Во-первых, Мединский не захватчик. Во-вторых, в моем разговоре с Мединским, если вы внимательно его послушаете или прочтете стенограмму, все сказано. Понимаете, сказано обо всех несогласиях, обо всех принципиальных расхождениях. И это, безусловно, сделано в вежливой форме, потому что я не сторонник стилистики рэп-баттлов в публичных дискуссиях. Но ни о каком коллаборационизме здесь не может быть и речи, потому что это не сотрудничество, это разговор. И все-таки остерегитесь пока еще российскую власть записывать в захватчики. Как метафора, скажем, в романе «ЖД» это может действовать, но в реальности это далеко не так.

«Вопросы о поэзии. В программе о Бальмонте сообщили удивительное: гениальный поэт отказался сотрудничать с кровавыми большевиками и умер в нищете».

Ну, как он отказался сотрудничать с большевиками? Он эмигрировал. Насчет того, что умер в нищете, тоже не совсем верно. Он умер в лечебнице для душевнобольных, у него была белая горячка. Вся эмиграция… Ну, во всяком случае острый алкогольный психоз с периодами просветления, когда он себя сознавал, но писать уже, конечно, не мог. Вся эмиграция скидывалась на Бальмонта. И помните знаменитый тезис Марины Цветаевой: «Господа, Бальмонту необходимо помочь». Все помогали. Но насчет сотрудничества с большевиками — ему собственно никто и не навязывал этого сотрудничества. Бальмонт бежал довольно быстро, довольно рано.

«Огорчает тот факт, что подавляющее большинство поэтов — колеблющиеся вместе с линией партии коллаборационисты, типа Михалкова-Евтушенко».

Евтушенко не был коллаборационистом. Он как раз, наоборот, довольно часто имел с этой властью неприятности. Может быть, он и не хотел этого, но голос, язык, муза уводили его от благополучных тем. И проблем у него была масса. Вспомните стихотворение «Памяти Есенина»:

Когда румяный комсомольский вождь

На нас, поэтов, кулаком грохочет

и хочет наши души мять, как воск,

и вылепить свое подобье хочет…

Павлов не простил ему этой формулы. Хотя и у Павлова, говорил Евтушенко, были добрые стороны, но по большому счету, конечно, Евтушенко с ним рассорился кардинально.

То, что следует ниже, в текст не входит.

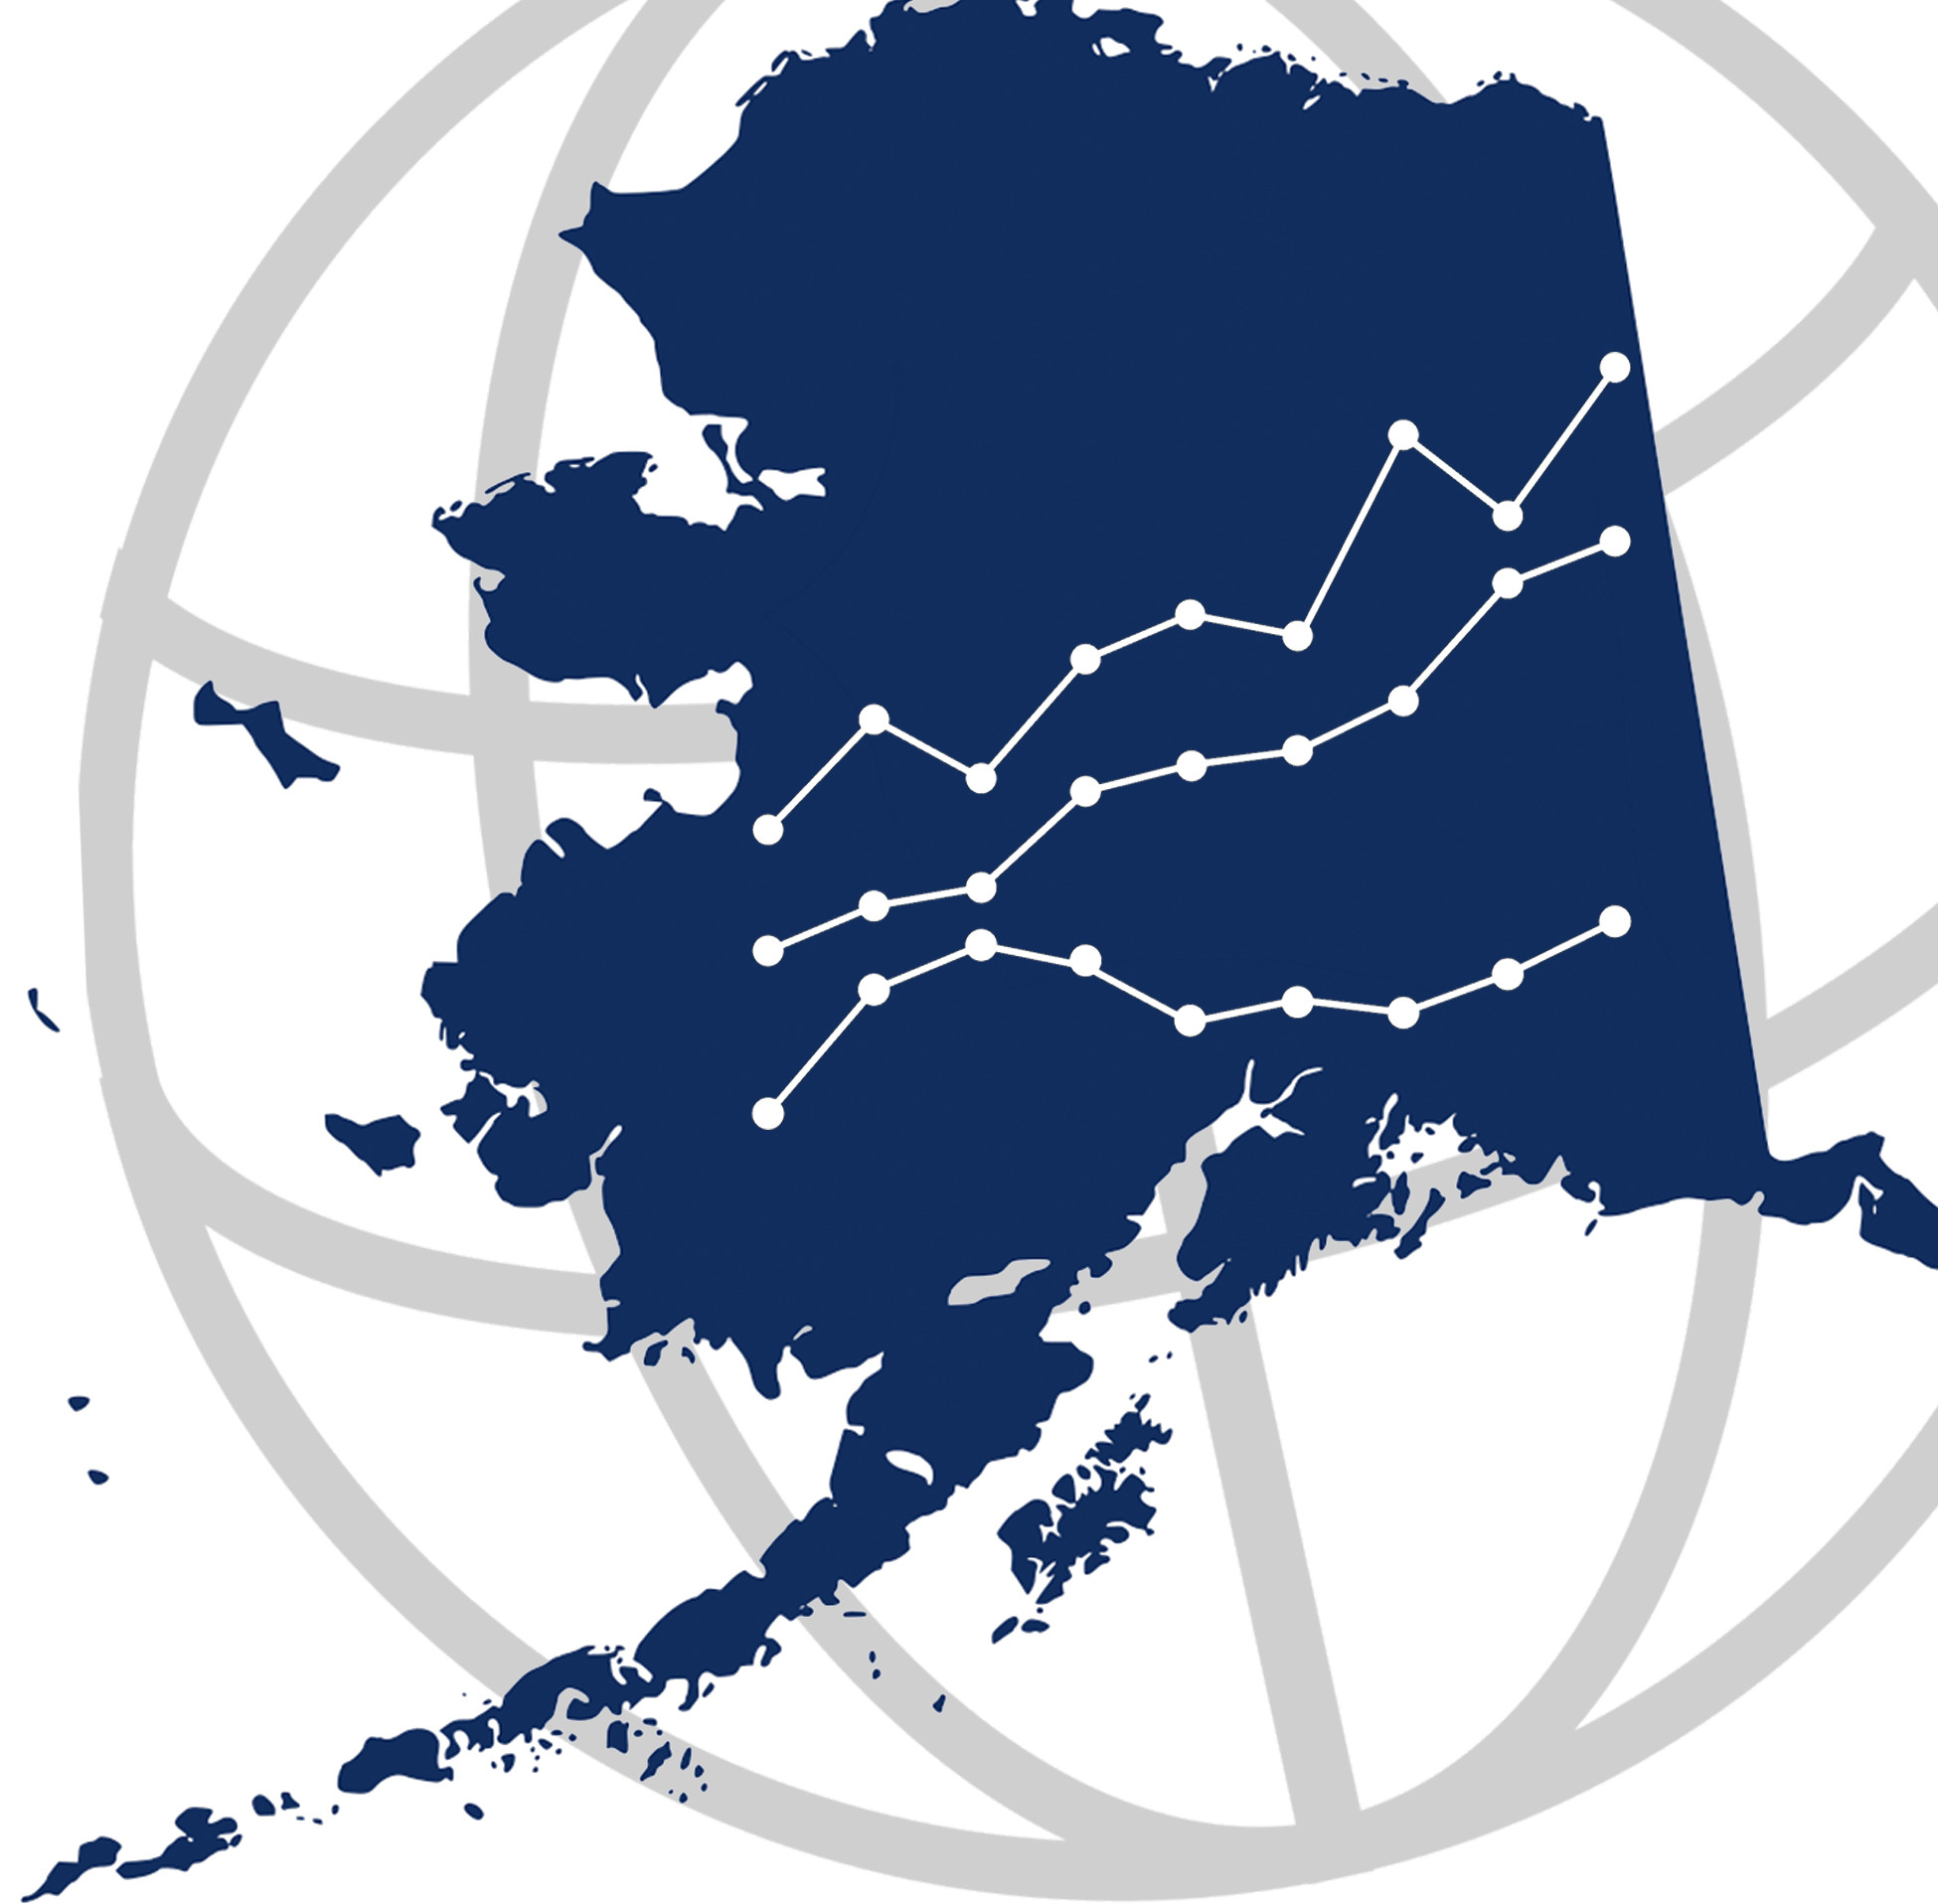 "Alaska's Global Economy: Where We've Been and Where We're Going" - A Panel Discussion

«Волгин заявил, что поэзия Бальмонта…»

Да, я возвращаюсь к проблеме, видите, насчет коллаборационизма. Нигде в мире не было такого духовного сопротивления со стороны литературы, как в России — наверное, потому, что действие равно противодействию. И нигде в мире, кроме каких-то уж совсем азиатских и африканских диктатур, так литературу не давили и не травили. Ну, в Камбодже, может быть, где тотально ее уничтожали. Там что случилось, в Кампучии? Что там случилось, в русской литературе? Она, наоборот, изо всех сил выражала свой социальный протест, и выражала его, надо вам сказать, довольно успешно. И не было случая нигде в Европе, чтобы подпольная культура, самиздатская, тамиздатская (ну, разнообразно протестная) проявляла такие выдающиеся качества, такую сплоченность, такую даже организованность. «Эрика» берет четыре копии». Понимаете, самиздат — это огромная культура, не имеющая себе аналога.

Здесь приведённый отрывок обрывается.